● Supplied data:
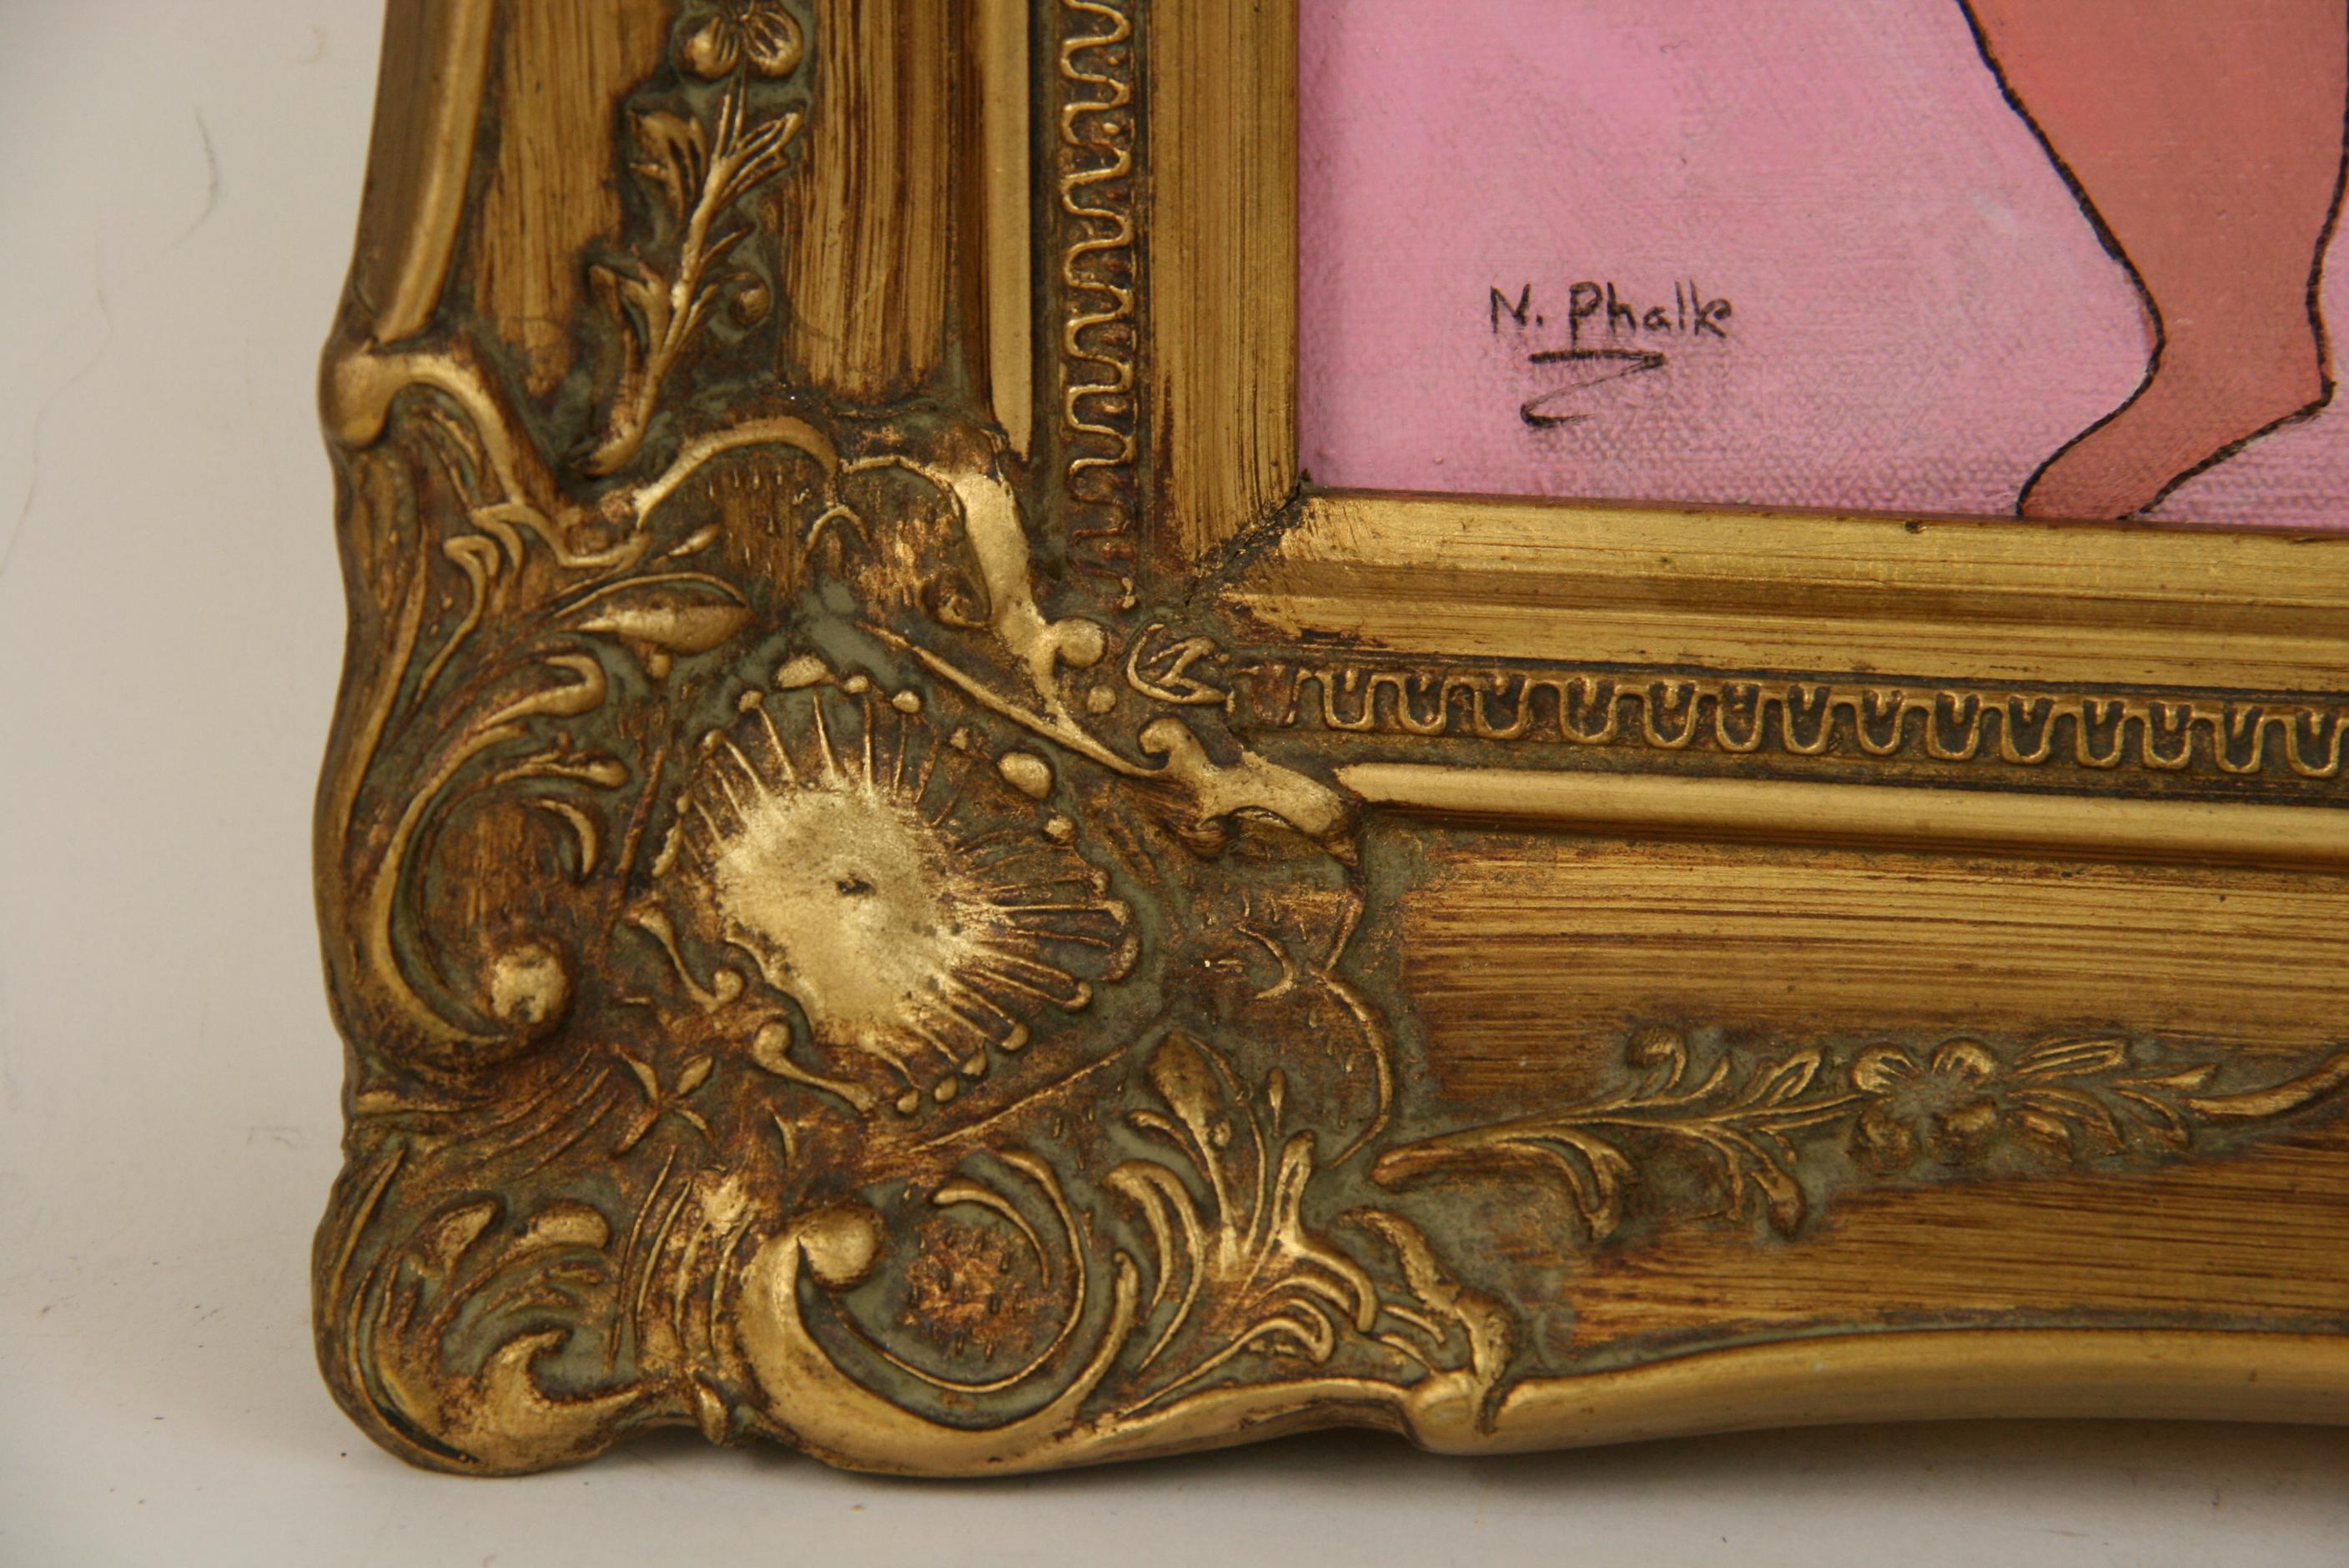 5-3378 Acrylic on artist board
Set in an ornate gilt wood frame
.Image size 9.5x7.5

● Work instruction:
Copy out the full material exactly. Pictures should not appear in it.

● Your response:
 5-3378 Acrylic on artist board
Set in an ornate gilt wood frame
.Image size 9.5x7.5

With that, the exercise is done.